> [DATA EXTRACT]
*-*-*
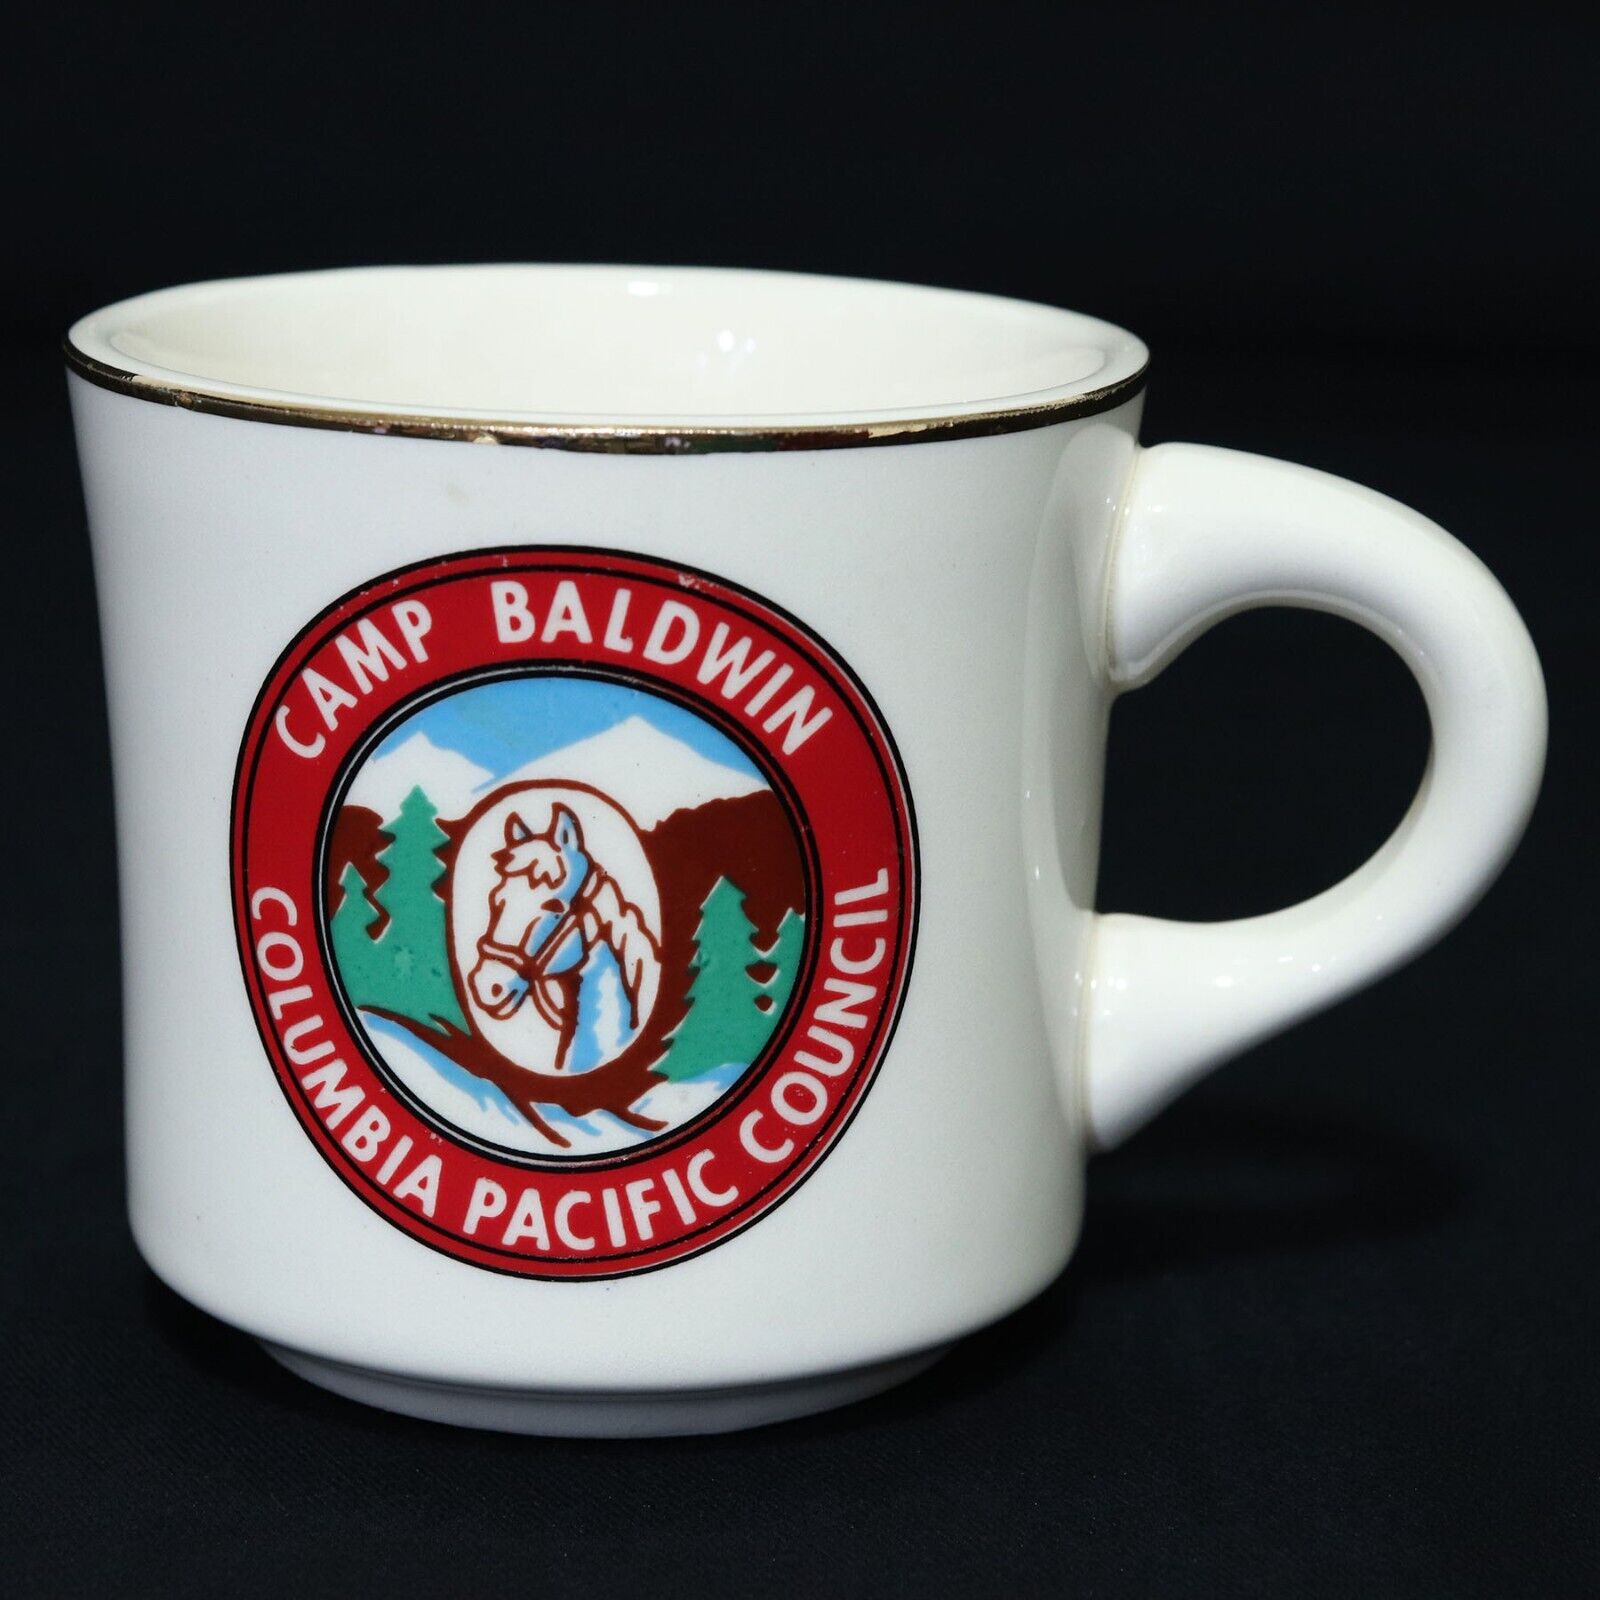 Boy Scouts VTG BSA Mug Cup, Camp Baldwin, Columbia Pacific Council, Horse - RARE
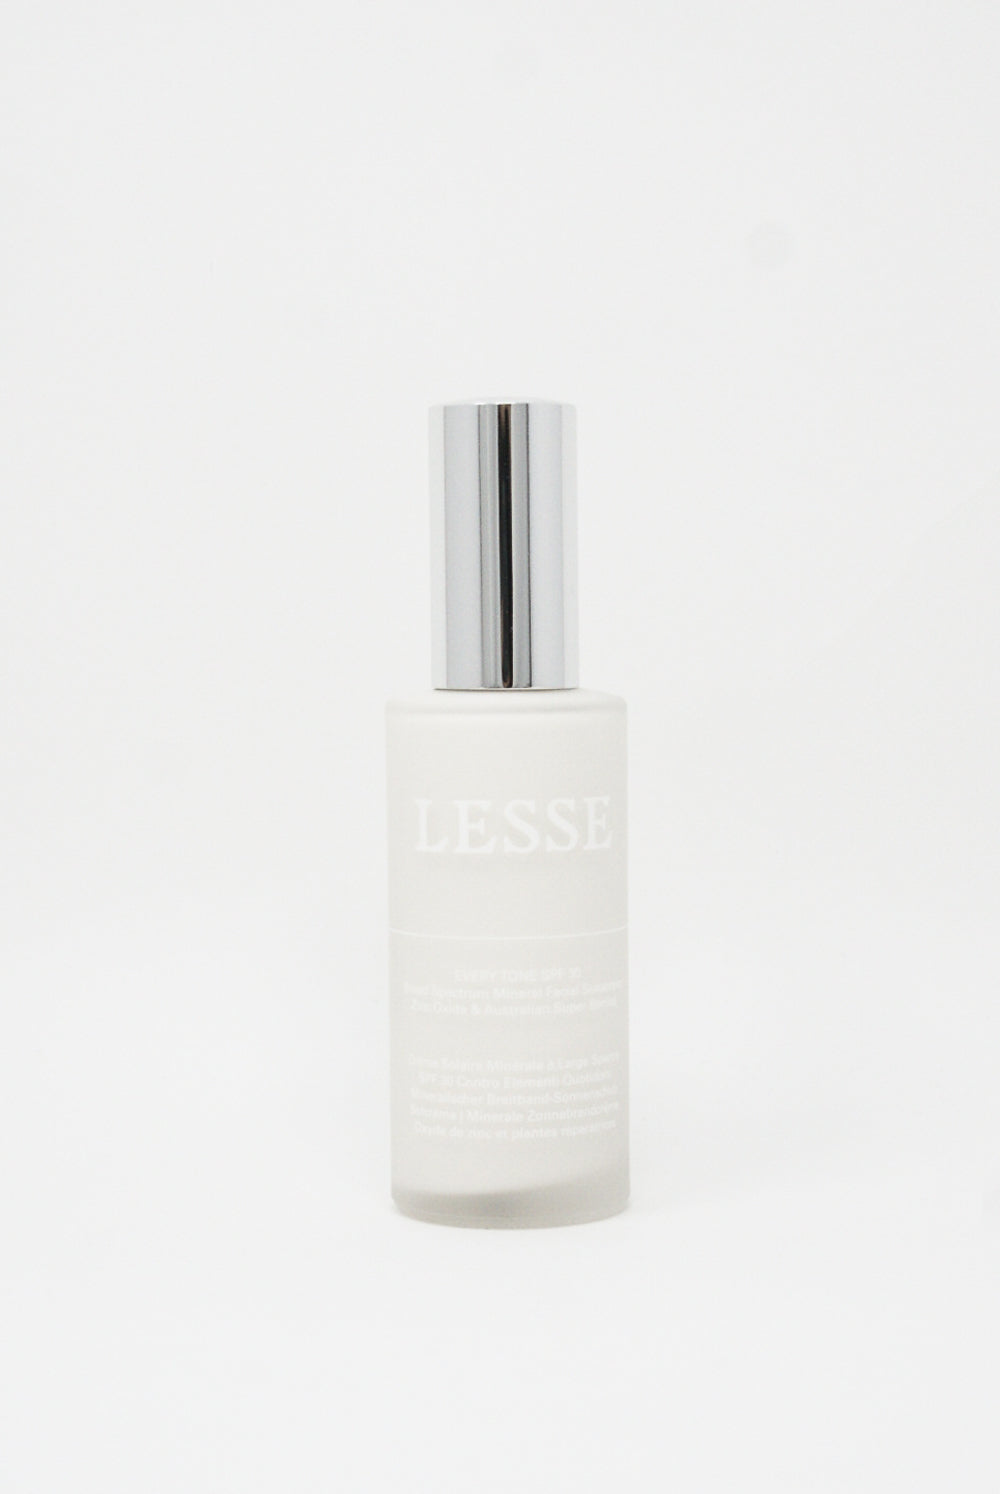 Lesse - Every tone SPF 30 Sunscreen -  2 fl oz/60 ml
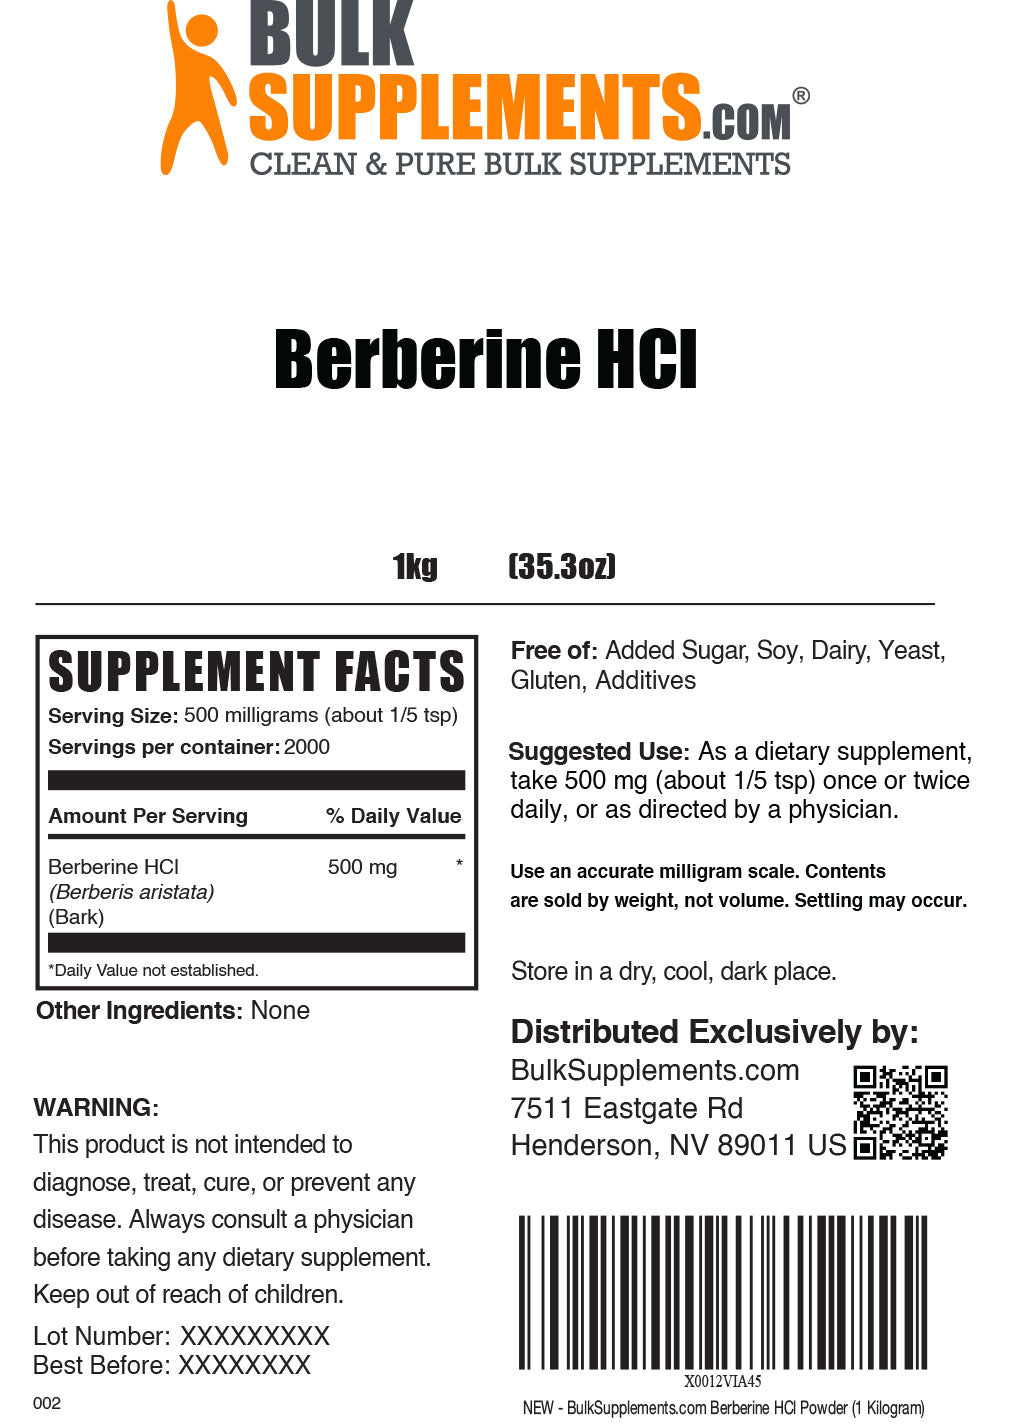 Berberine HCl Supplement Facts 1kg bag
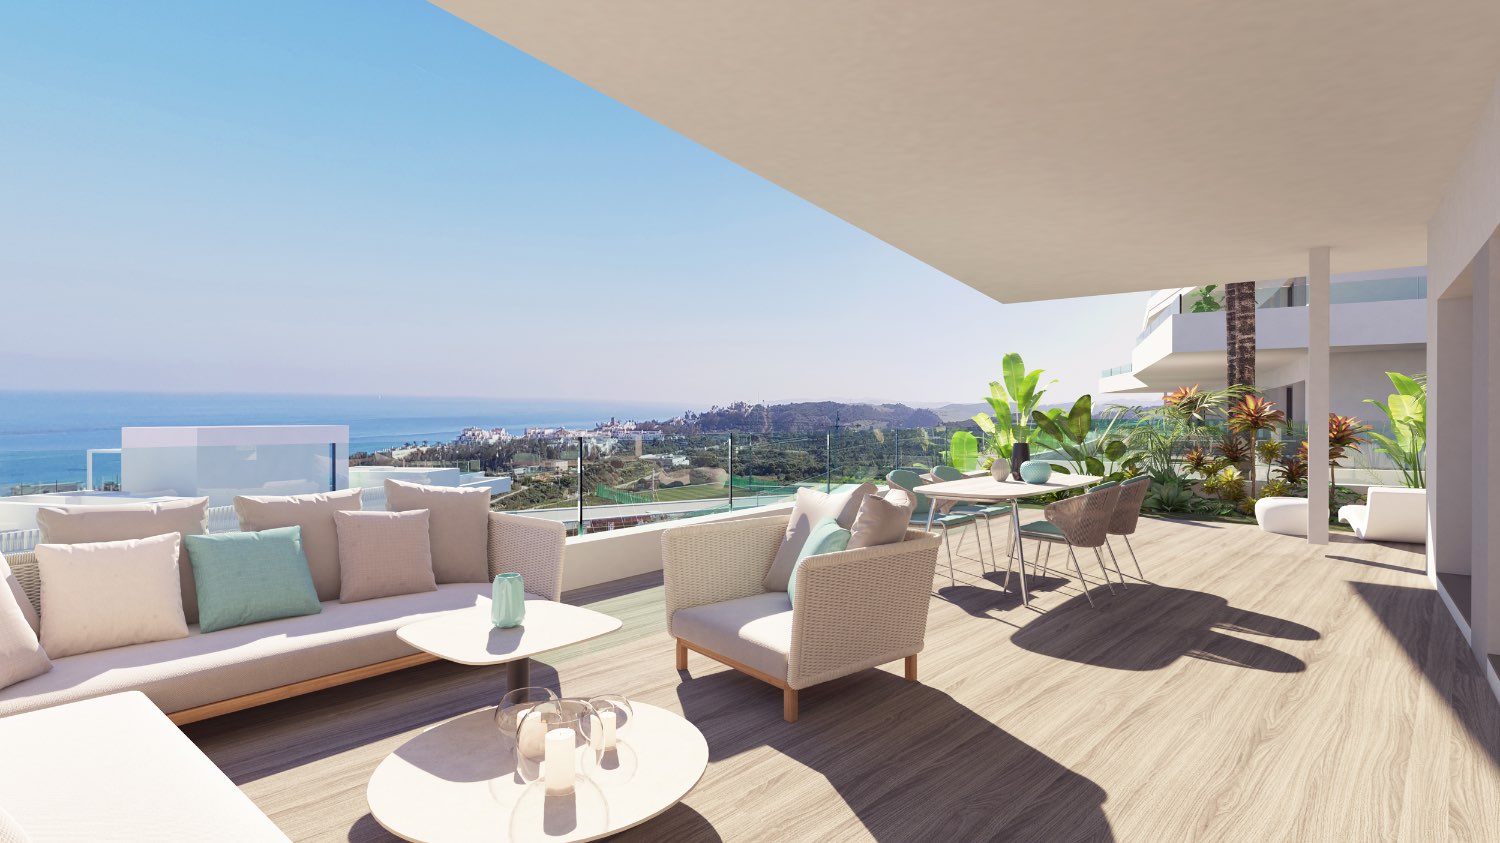 Luxury ground floor apartment in a new development in Estepona - Costa del Sol
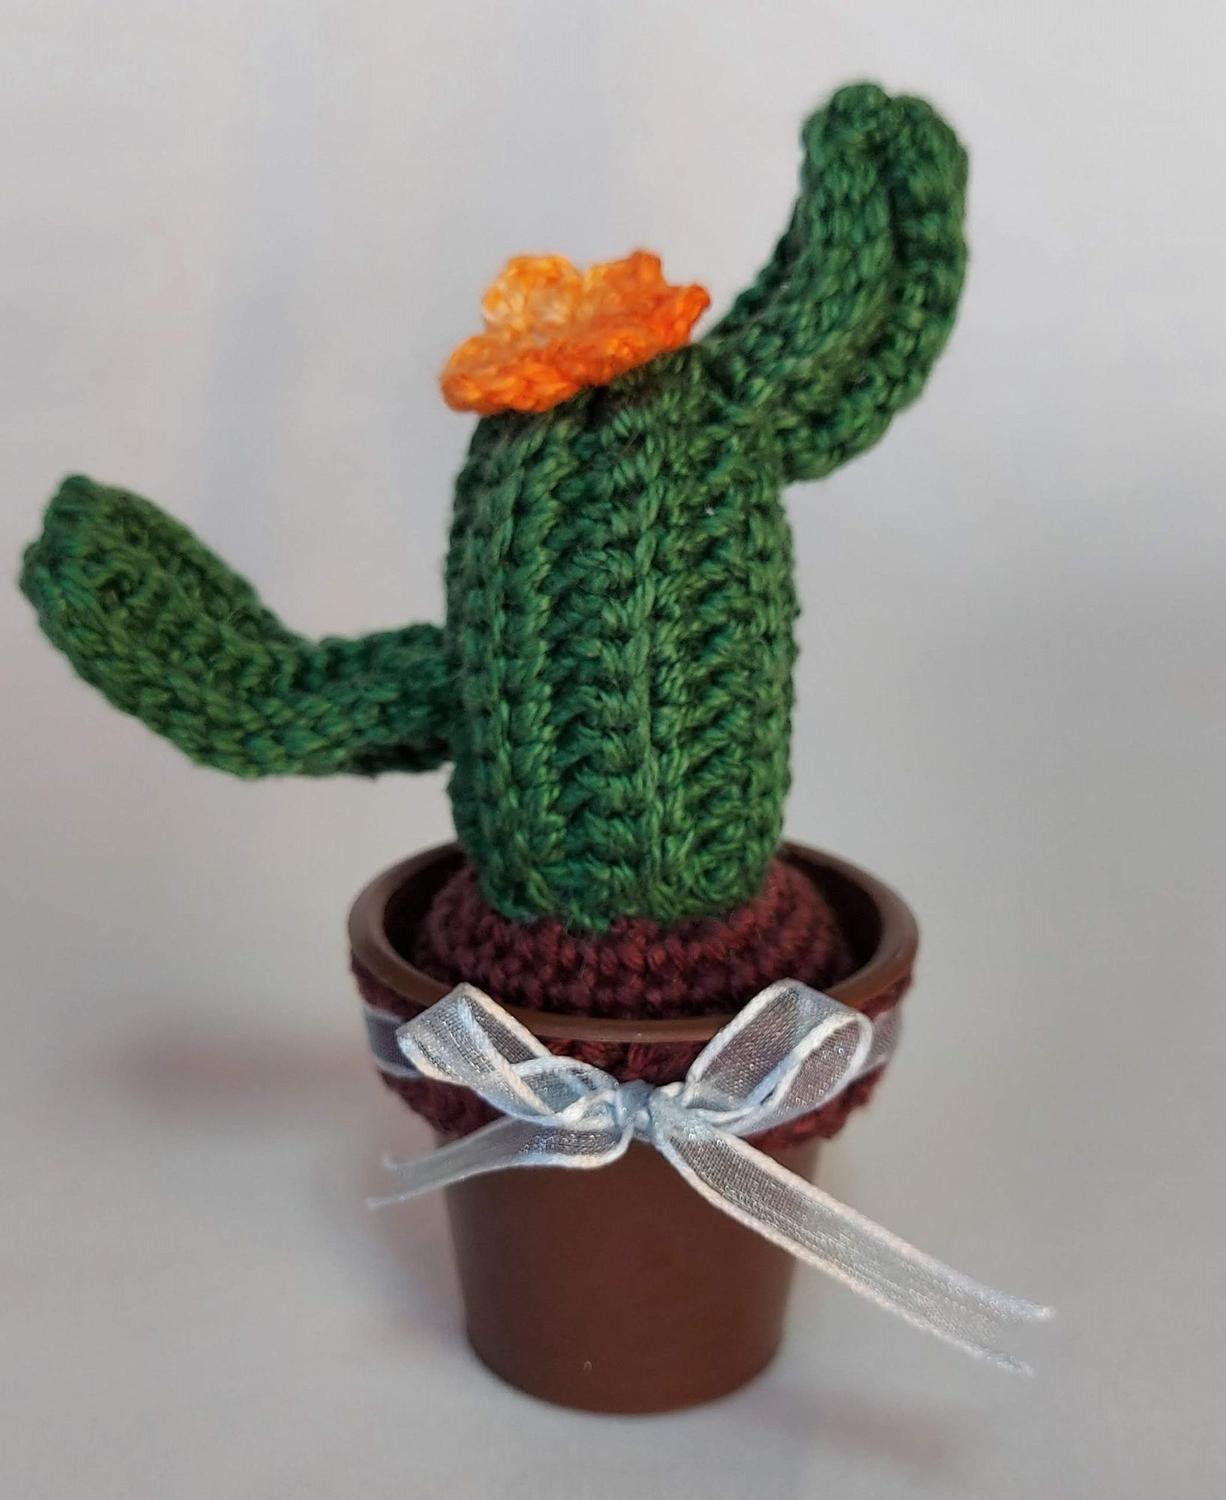 Amigurumi - Cacto pequeno verde duas pontas flor laranja - tam. 10x10x12cm  - 46g - Crochê - Charme de Crochet - Amigurumi - Magazine Luiza
*-*-*
> [TASK OBJECTIVE] Write out exactly the lines from the line containing "Luxury ground floor" through the last line of the listing above, please, and leave out any pictures.

> [THE ANSWER]
 Luxury ground floor apartment in a new development in Estepona - Costa del Sol
 Amigurumi - Cacto pequeno verde duas pontas flor laranja - tam. 10x10x12cm  - 46g - Crochê - Charme de Crochet - Amigurumi - Magazine Luiza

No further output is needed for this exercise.